### Data shown
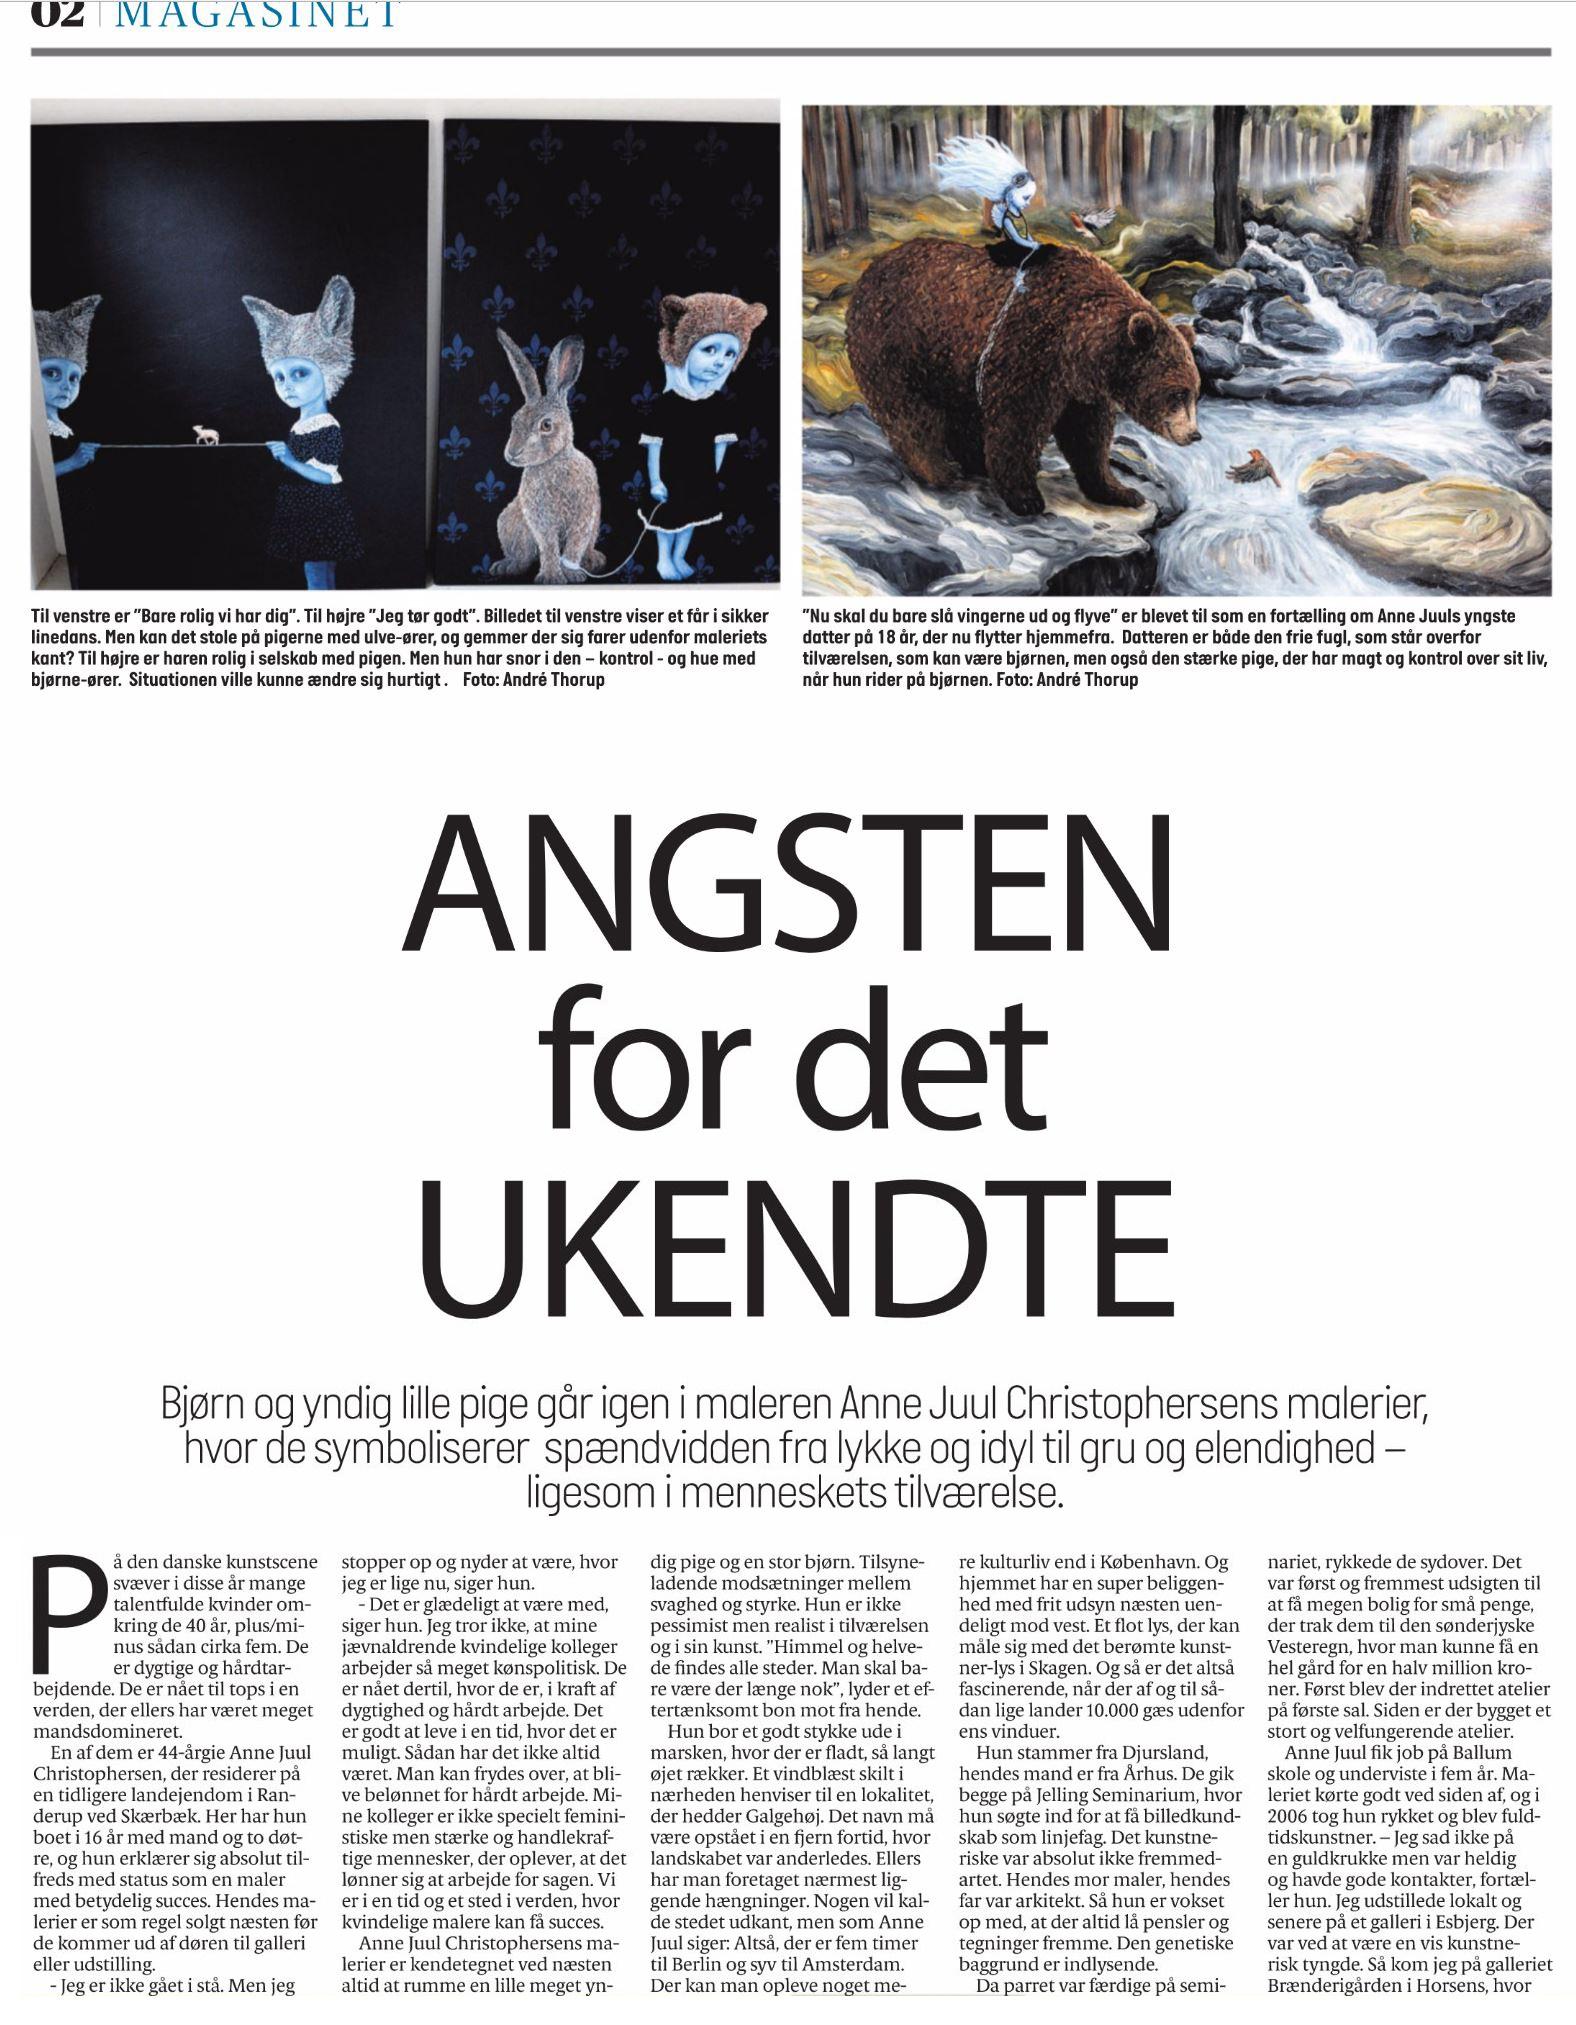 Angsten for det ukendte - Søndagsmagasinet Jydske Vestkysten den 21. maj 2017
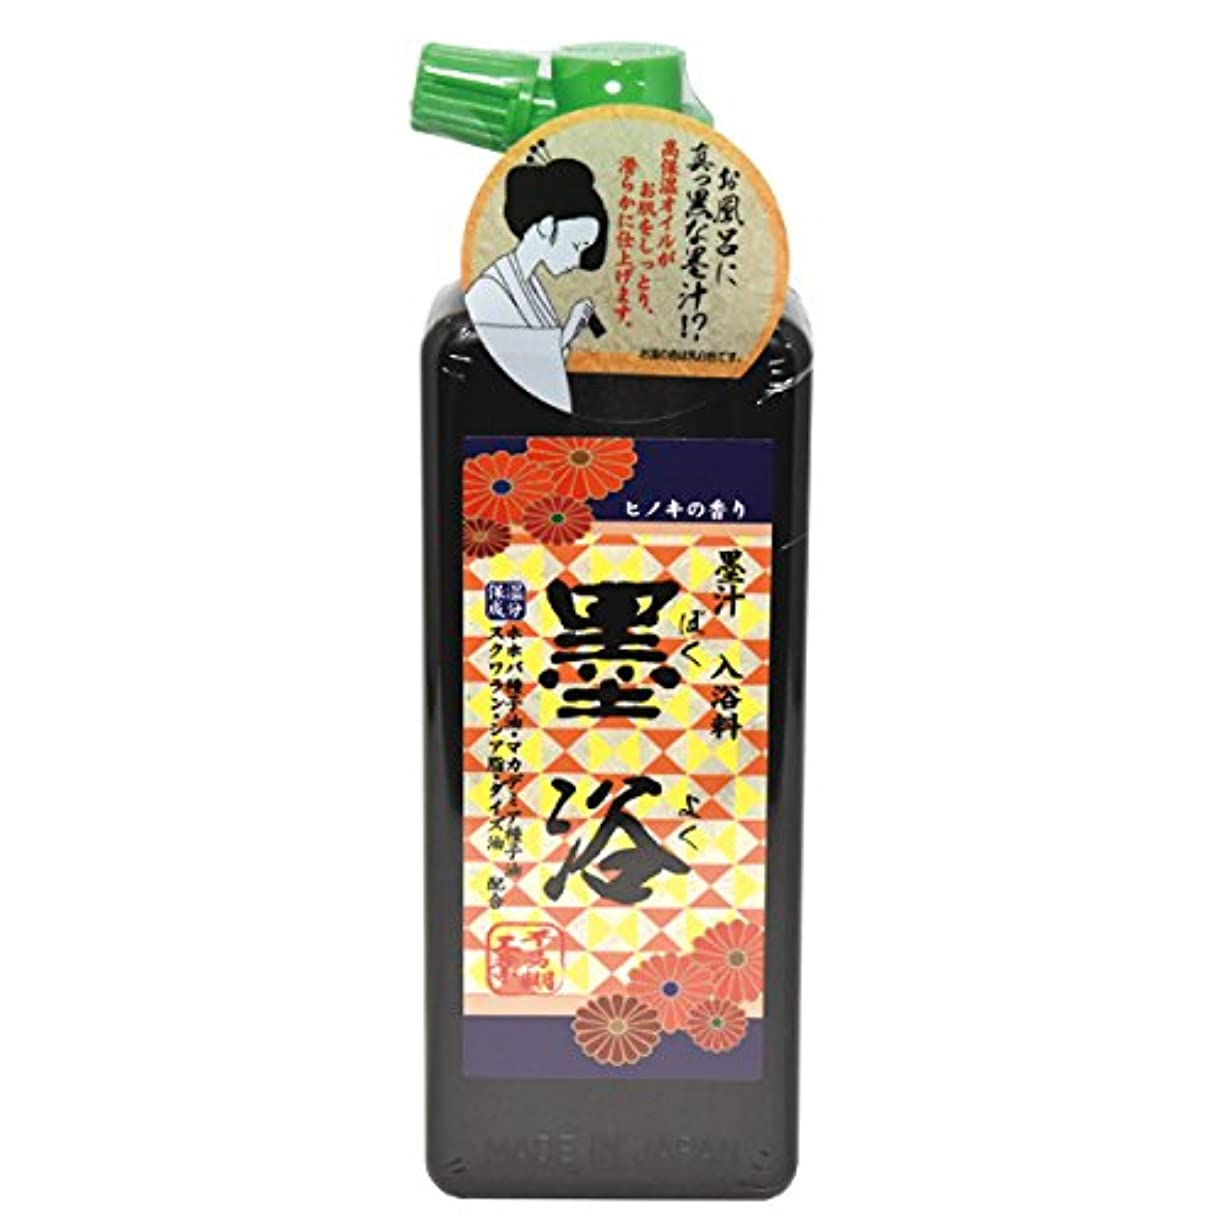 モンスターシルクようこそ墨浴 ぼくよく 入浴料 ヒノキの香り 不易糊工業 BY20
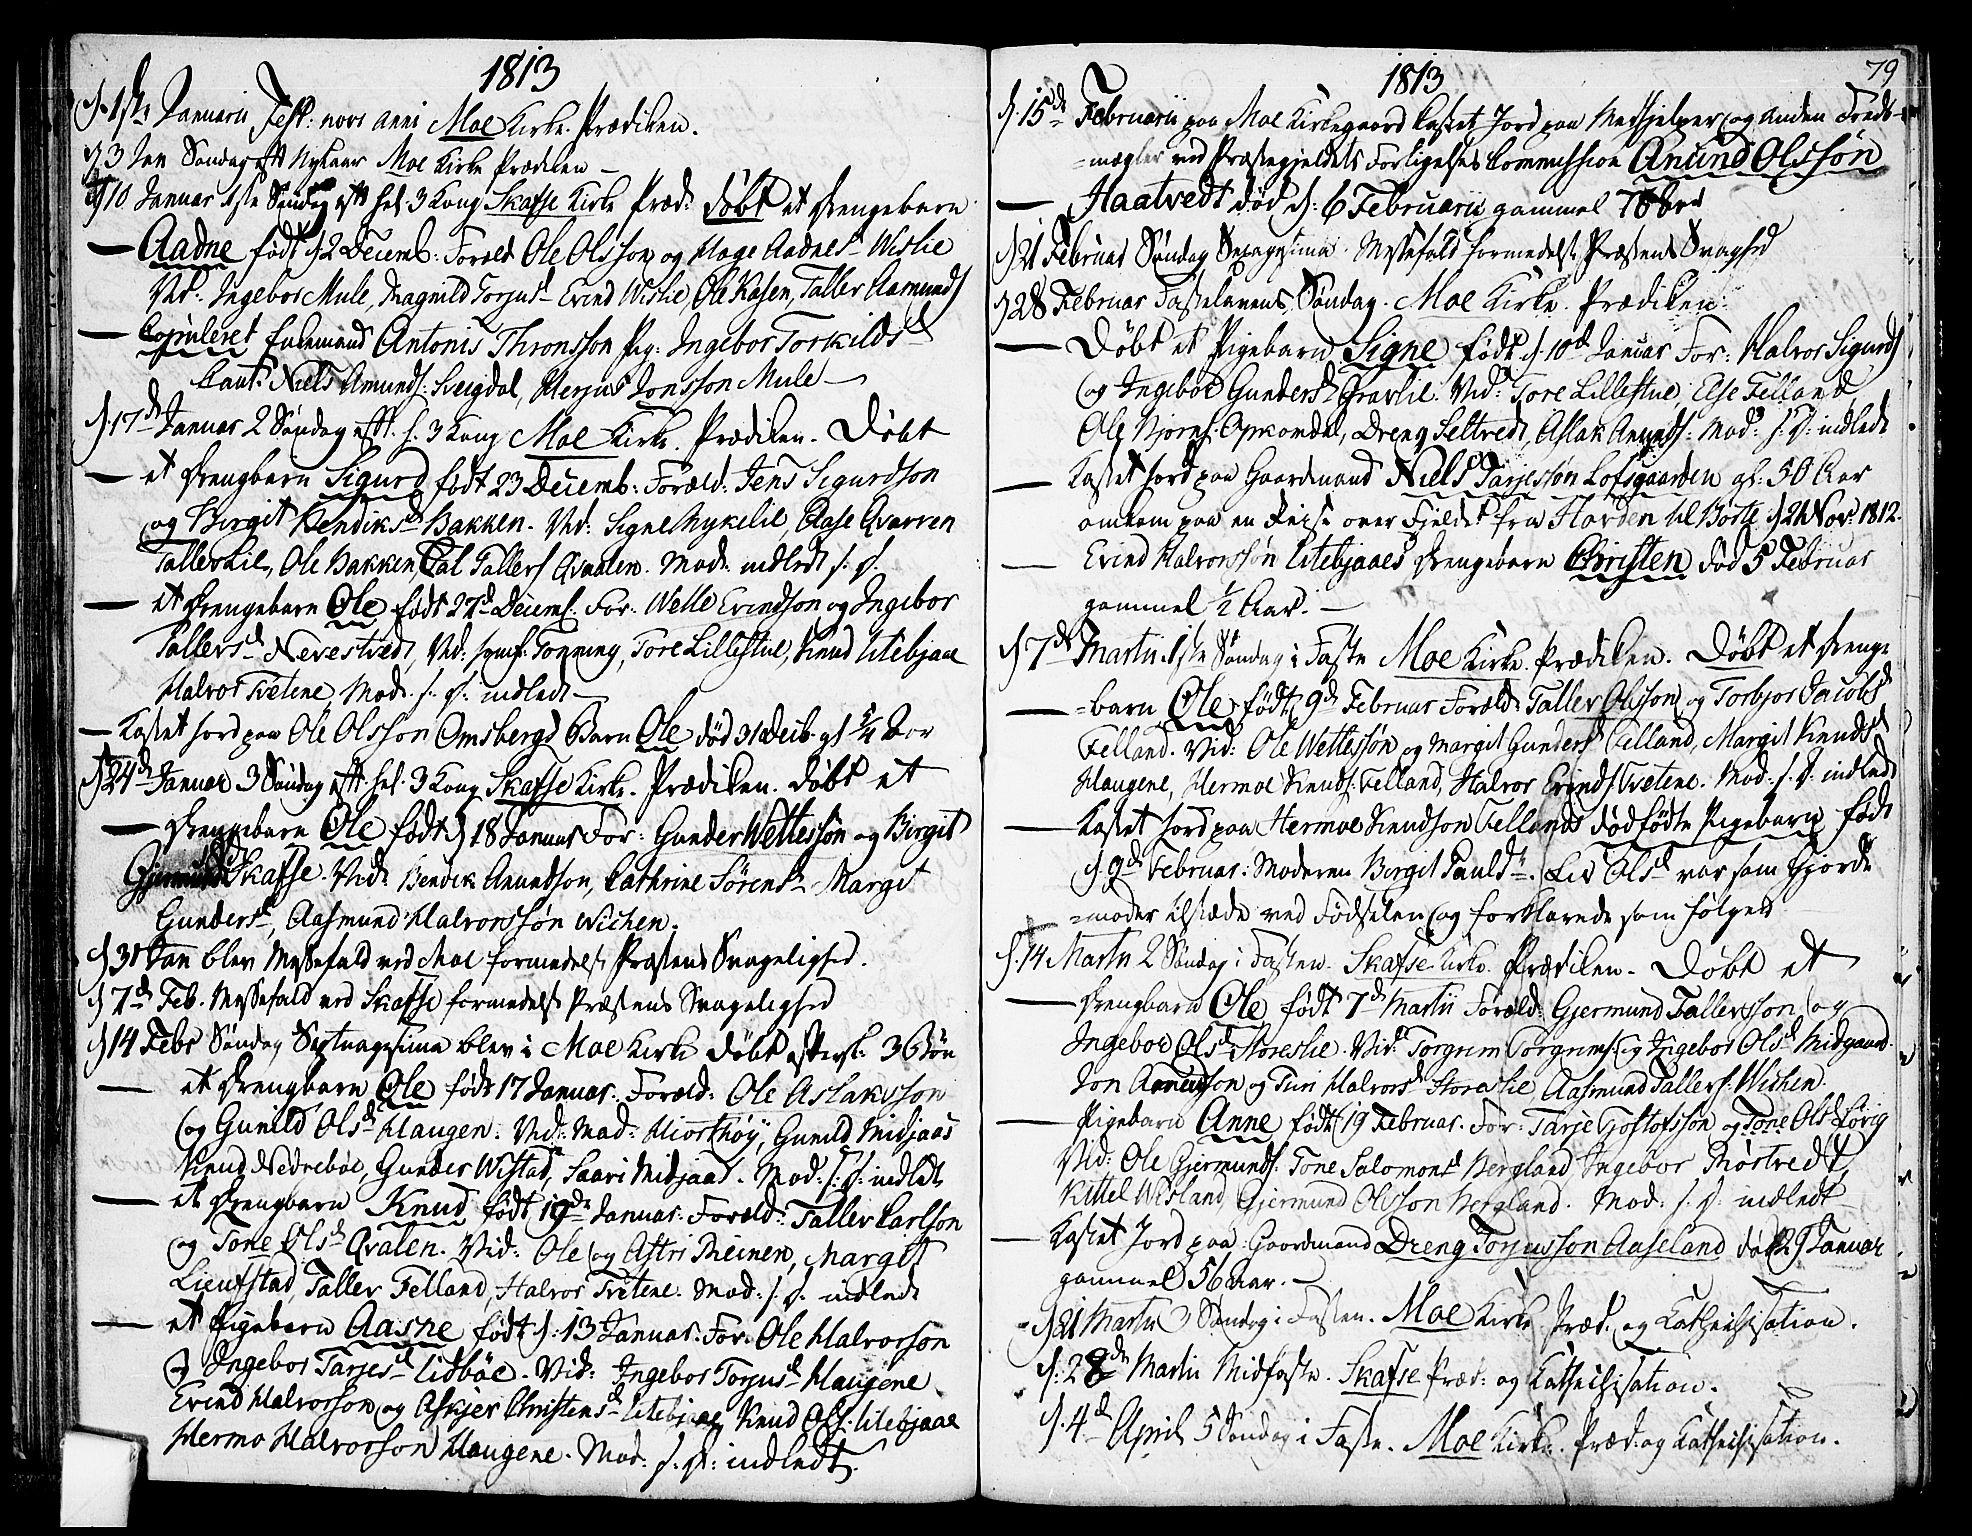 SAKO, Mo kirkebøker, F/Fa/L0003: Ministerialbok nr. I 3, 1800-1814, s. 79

### Task instructions
Retype, word for word, only the line holding "モンスターシルクようこそ墨浴 ぼくよく 入浴料 ヒノキの香り 不易糊工業 BY20" and the lines after it through the final line of the listing above, and leave every picture out.

### Reply
 モンスターシルクようこそ墨浴 ぼくよく 入浴料 ヒノキの香り 不易糊工業 BY20
 SAKO, Mo kirkebøker, F/Fa/L0003: Ministerialbok nr. I 3, 1800-1814, s. 79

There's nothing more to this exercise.